Sanai F M, Bzeizi K I
Division of Hepatology, Department of Internal Medicine, Riyadh, Saudi Arabia.
Aliment Pharmacol Ther. 2005 Oct 15;22(8):685-700. doi: 10.1111/j.1365-2036.2005.02645.x.
The peritoneum is one of the most common extrapulmonary sites of tuberculous infection. Peritoneal tuberculosis remains a significant problem in parts of the world where tuberculosis is prevalent. Increasing population migration, usage of more potent immunosuppressant therapy and the acquired immunodeficiency syndrome epidemic has contributed to a resurgence of this disease in regions where it had previously been largely controlled. Tuberculous peritonitis frequently complicates patients with underlying end-stage renal or liver disease that further adds to the diagnostic difficulty. The diagnosis of this disease, however, remains a challenge because of its insidious nature, the variability of its presentation and the limitations of available diagnostic tests. A high index of suspicion is needed whenever confronted with unexplained ascites, particularly in high-risk patients.
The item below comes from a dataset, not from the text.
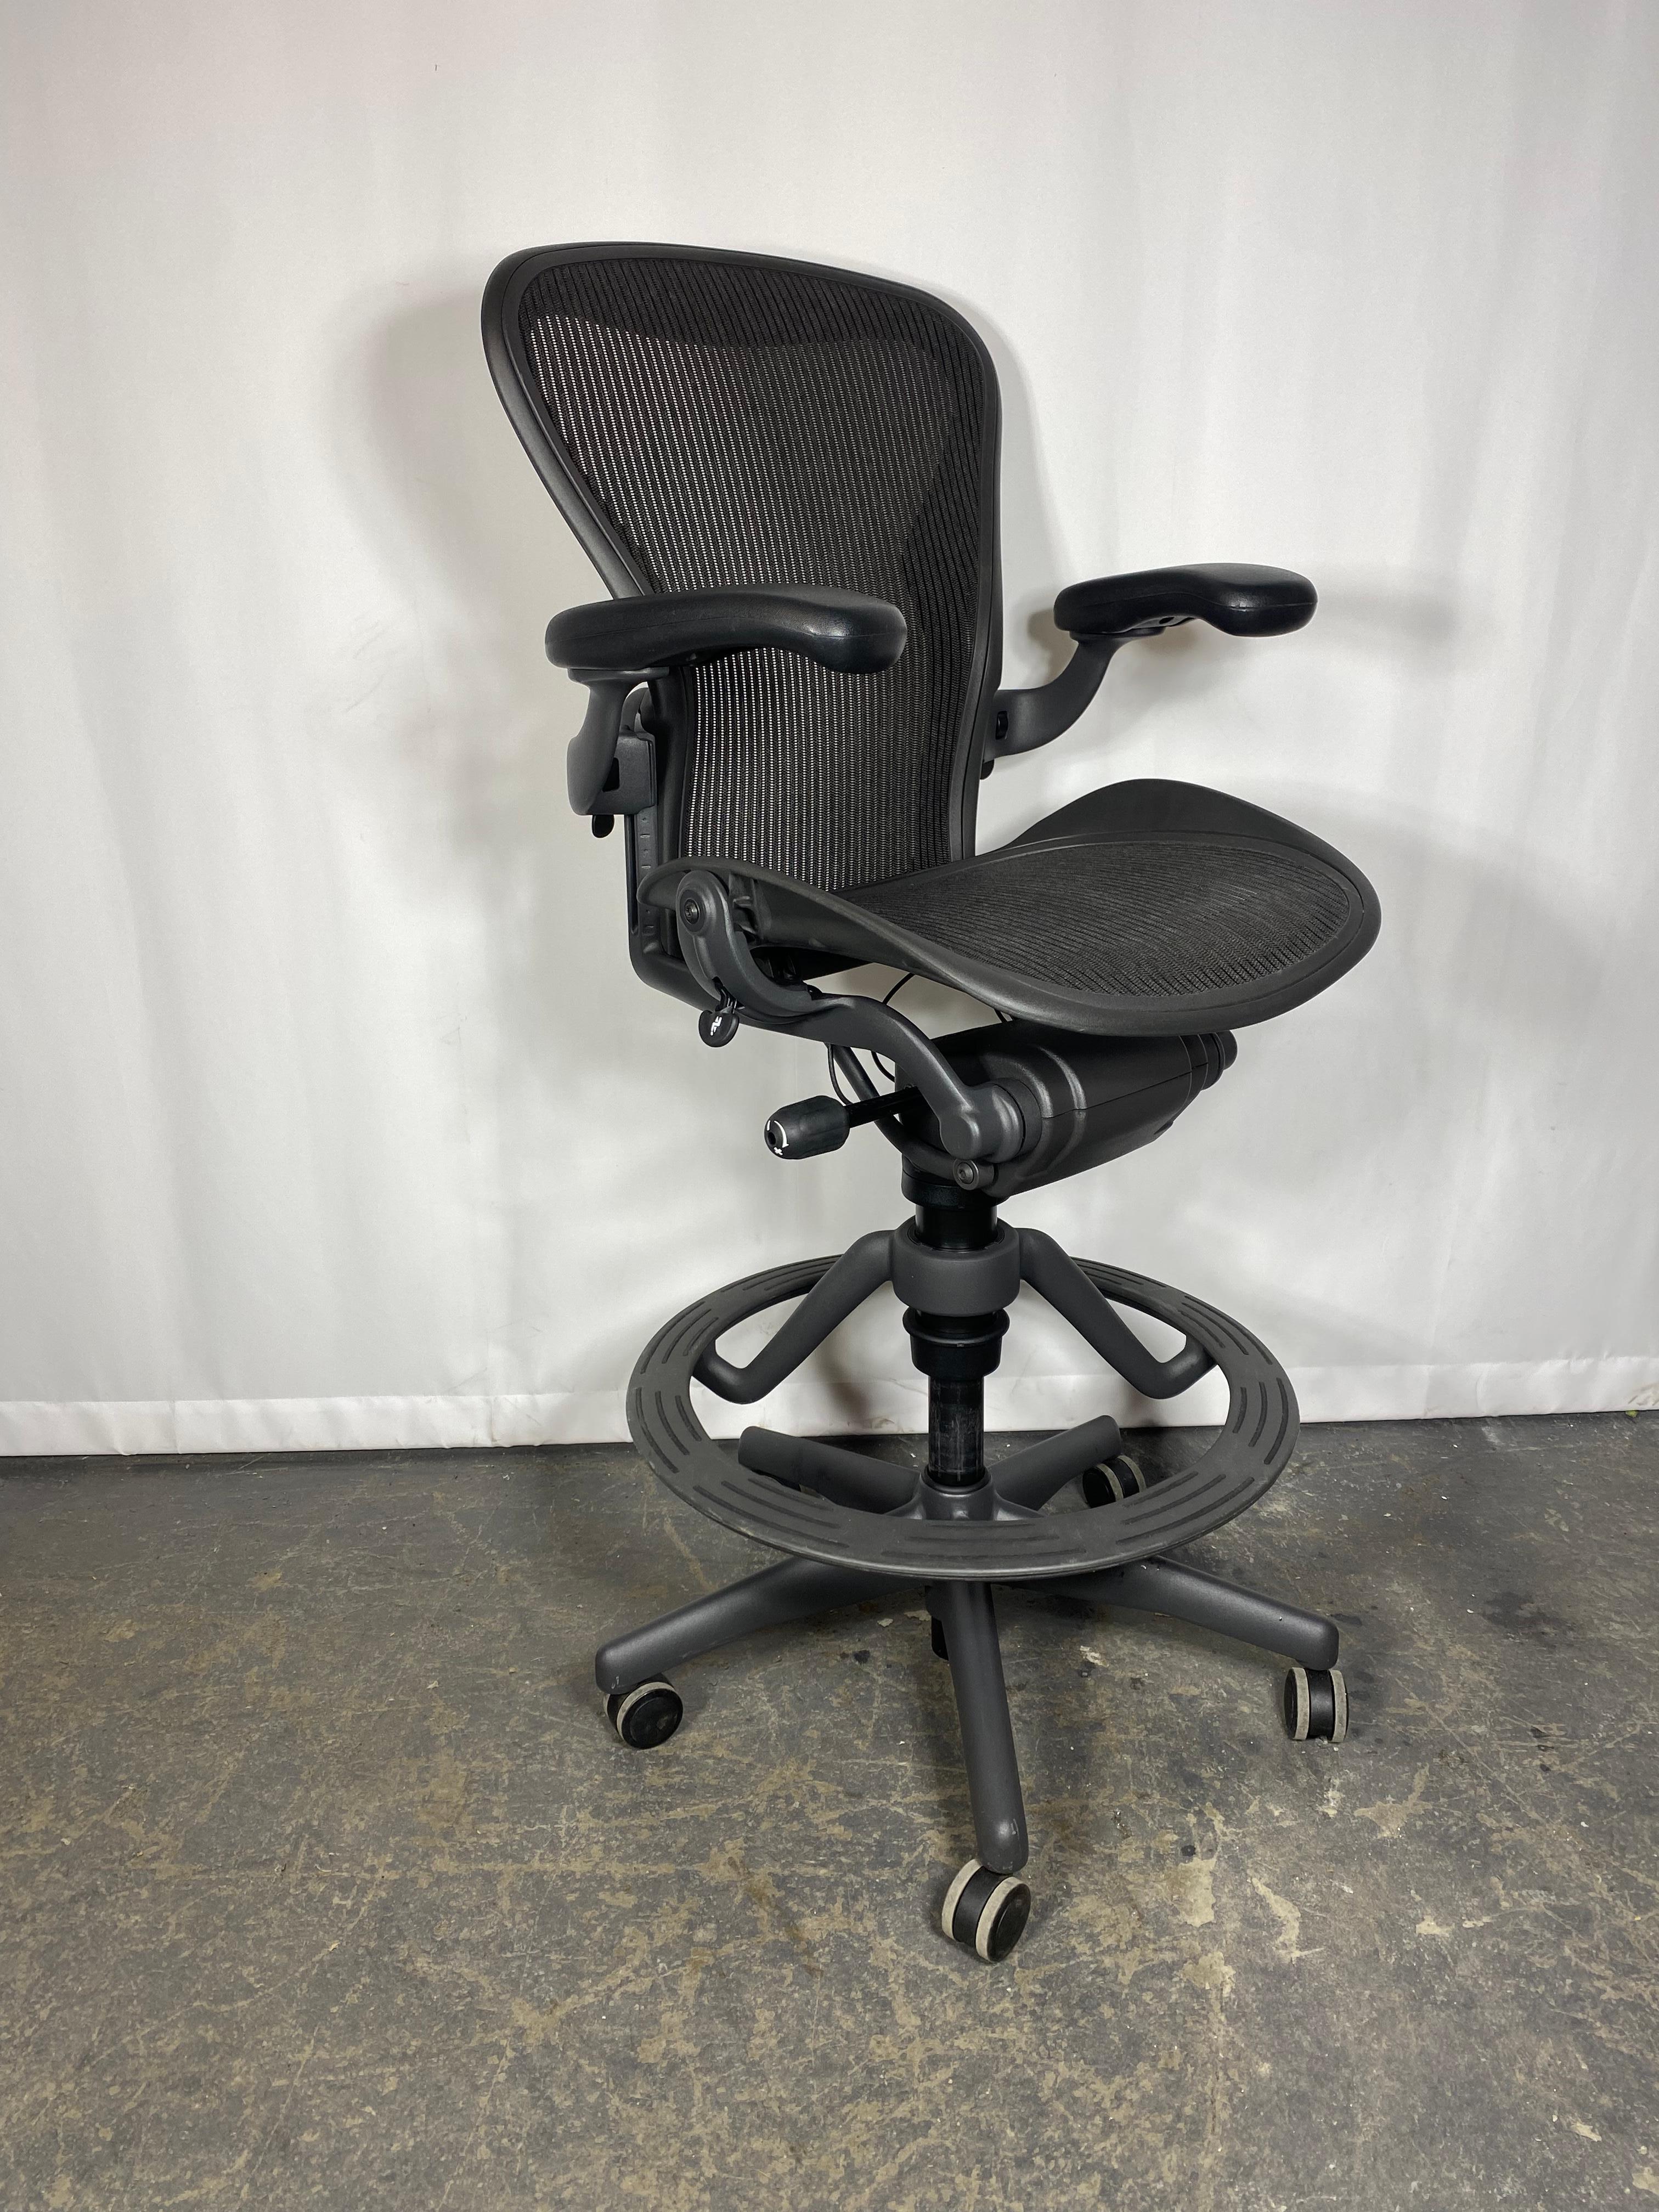 Aeron Chairs are state of the art assertions of elegance and ergonomic design, born from the creative and exacting minds at Herman Miller. The Aeron is at the vanguard of luxury and cutting edge technology. Used widely in fortune 500 companies and

Based on a systematic review of the literature, we recommend: tuberculous peritonitis should be considered in the differential diagnosis of all patients presenting with unexplained lymphocytic ascites and those with a serum-ascites albumin gradient (SAAG) of <11 g/L; culture growth of Mycobacterium of the ascitic fluid or peritoneal biopsy as the gold standard test; further studies to determine the role of polymerase chain reaction, ascitic adenosine deaminase and the BACTEC radiometric system for acceleration of mycobacterial identification as means of improving the diagnostic yield; increasing utilization of ultrasound and computerized tomographic scan for the diagnosis and as a guidance to obtain peritoneal biopsies; low threshold for diagnostic laparoscopy; treatment for 6 months with the first-line antituberculous drugs (isoniazid, rifampicin, ethambutol and pyrazinamide) in uncomplicated cases.
腹膜是肺外结核感染最常见的部位之一。在结核病流行的地区,结核性腹膜炎仍然是一个重大问题。人口迁移增加、更强效免疫抑制疗法的使用以及获得性免疫缺陷综合征的流行,导致这种疾病在以前基本得到控制的地区再度出现。结核性腹膜炎常使患有潜在终末期肾病或肝病的患者病情复杂化,这进一步增加了诊断难度。然而,由于其隐匿性、临床表现的多样性以及现有诊断测试的局限性,这种疾病的诊断仍然是一项挑战。当遇到不明原因的腹水时,尤其是在高危患者中,需要高度怀疑。基于对文献的系统综述,我们建议:在所有出现不明原因淋巴细胞性腹水以及血清腹水白蛋白梯度(SAAG)<11 g/L的患者的鉴别诊断中应考虑结核性腹膜炎;腹水或腹膜活检的分枝杆菌培养生长作为金标准检测;进一步研究以确定聚合酶链反应、腹水腺苷脱氨酶和BACTEC放射测量系统在加速分枝杆菌鉴定方面的作用,作为提高诊断率的手段;增加超声和计算机断层扫描在诊断中的应用,并作为获取腹膜活检的指导;诊断性腹腔镜检查的低门槛;在无并发症的病例中,用一线抗结核药物(异烟肼、利福平、乙胺丁醇和吡嗪酰胺)治疗6个月。